Иван Антонович снова стал мерять ногами камеру, лихорадочно размышляя при этом. Причем мысли приняли прикладное направление, какие тут теории разводить, если речь пошла о собственной жизни. А вариантов будущего поведения вырисовывались ровно три.
«Можно попробовать симулировать безумие, в чем, кстати, узника и подозревали порой, в частности это отмечал в своих рапортах капитан Овцын при Елизавете. Хотя большую часть времени заключенный вел себя вполне адекватно, но вспышки у него бывали. Однако тут может быть что угодно — насмешки шли с издевательствами, пренебрежением и даже с избиениями. В долгом заточении нервы как струна, малейшее раздражение вводит узника в бешенство. Плюс гормональные проблемы — организм в молодом возрасте жаждет секса. До безумия жаждет!
Так, вариант этот не допустим — любой нормальный человек внутренне всегда опасается безумного, и ведет себя предельно осторожно и внимательно. А оно мне надо усиливать бдительность собственных церберов?! На хрен нужно, так что вариант с «летним обострением» придется отставить, он не рационален и вреден».
Сделав парочку длинных проходов от двери до ширмы, Иван Антонович пришел к мысли, что высокомерие, типа прозрения — «я тут царь и на меня все куры в державе записаны» — так же не допустим. Тут он просто огребется от надзирателей по полной программе. Ведь его содержат как «безымянного узника» или называют «Григорием». Имя более чем символическое, от самозванца Лжедмитрия, монаха расстригу Гришку Отрепьева, что смуту в Московском царстве полтора века тому назад учинил и даже шапку Мономаха на себя примерил. Царем стал! Кончил, правда, плохо — убили во время мятежа, сожгли, пепел забили в пушку и выстрелили в сторону Польши. Типа, уходи туда, откуда пришел.

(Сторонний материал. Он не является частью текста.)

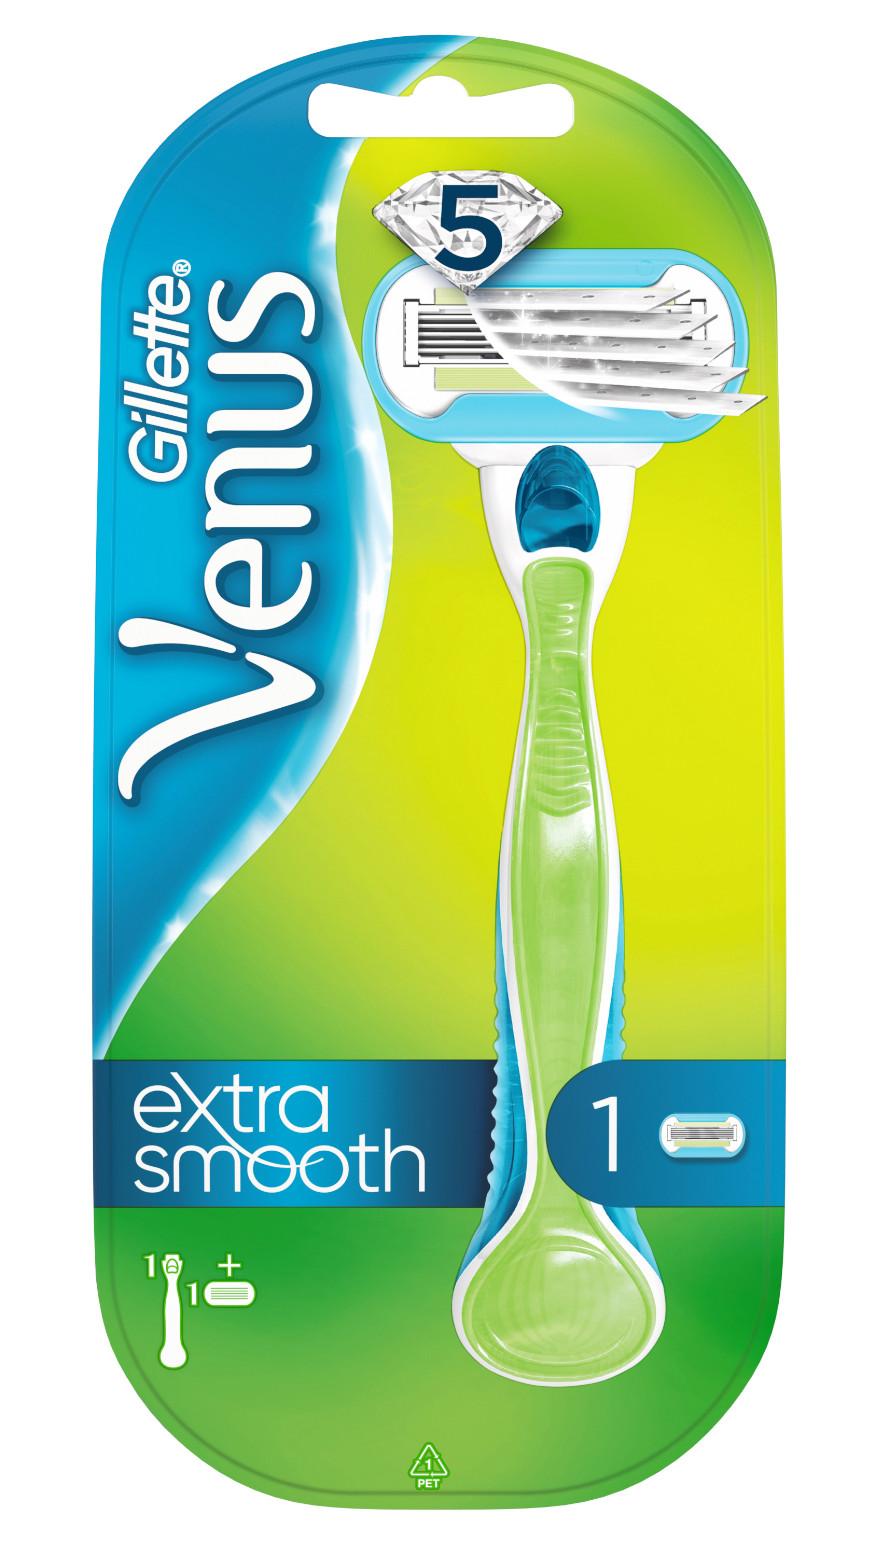 Venus Embrace Extra smooth Strojček + 1 náhradná hlavica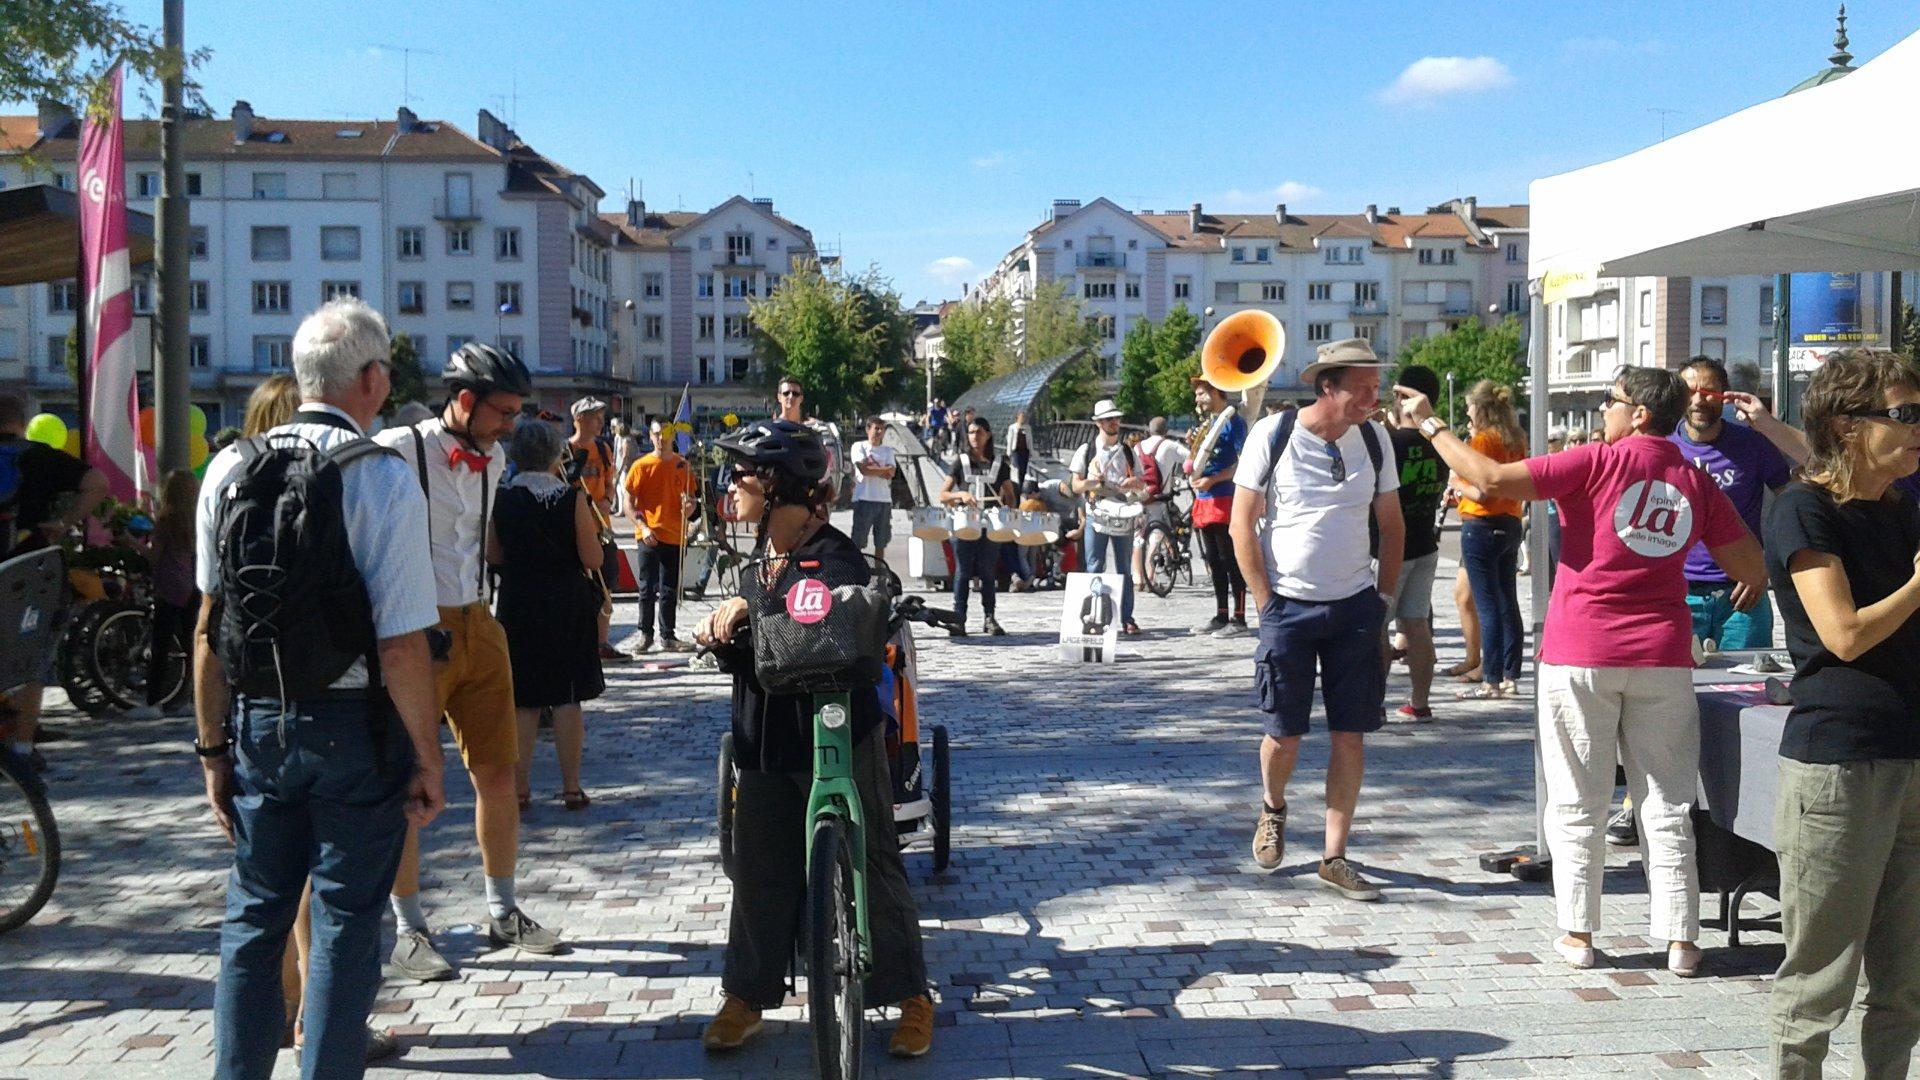 L'orchestre de l'ENSTIB a participé à la bonne humeur ambiante.

Побьют немедленно, а такое воздействие для здоровья более чем вредно. Тем более что лупили несчастного узника «четвертным поленом» — что это такое, следователь так и не узнал в архивах. Но звучало крайне устрашающе и апробировать сей исторический казус в деревянном исполнении на собственной голове или спине как то не хотелось от слова «совсем». Да и зачем получать повреждения организма накануне решающей схватки с побегом, или «рывка», как говорили заключенные в его покинутом времени, до которого теперь не дотянуться.
«Остается последнее — прикинутся юродивым! Тогда изменения в речи и поступках не вызовут настороженного поведения. Наоборот, разве от сильно верующего человека ждут нападения? Могут ли надзиратели представить, что тихий молящийся узник в один момент сможет превратиться в жестокого и хладнокровного убийцу? Не хотелось бы снова резать и стрелять людей, но придется, ведь они меня самого убьют без всякого сожаления! Не я такой — жизнь тут такая, с волчьими законами общественного бытия.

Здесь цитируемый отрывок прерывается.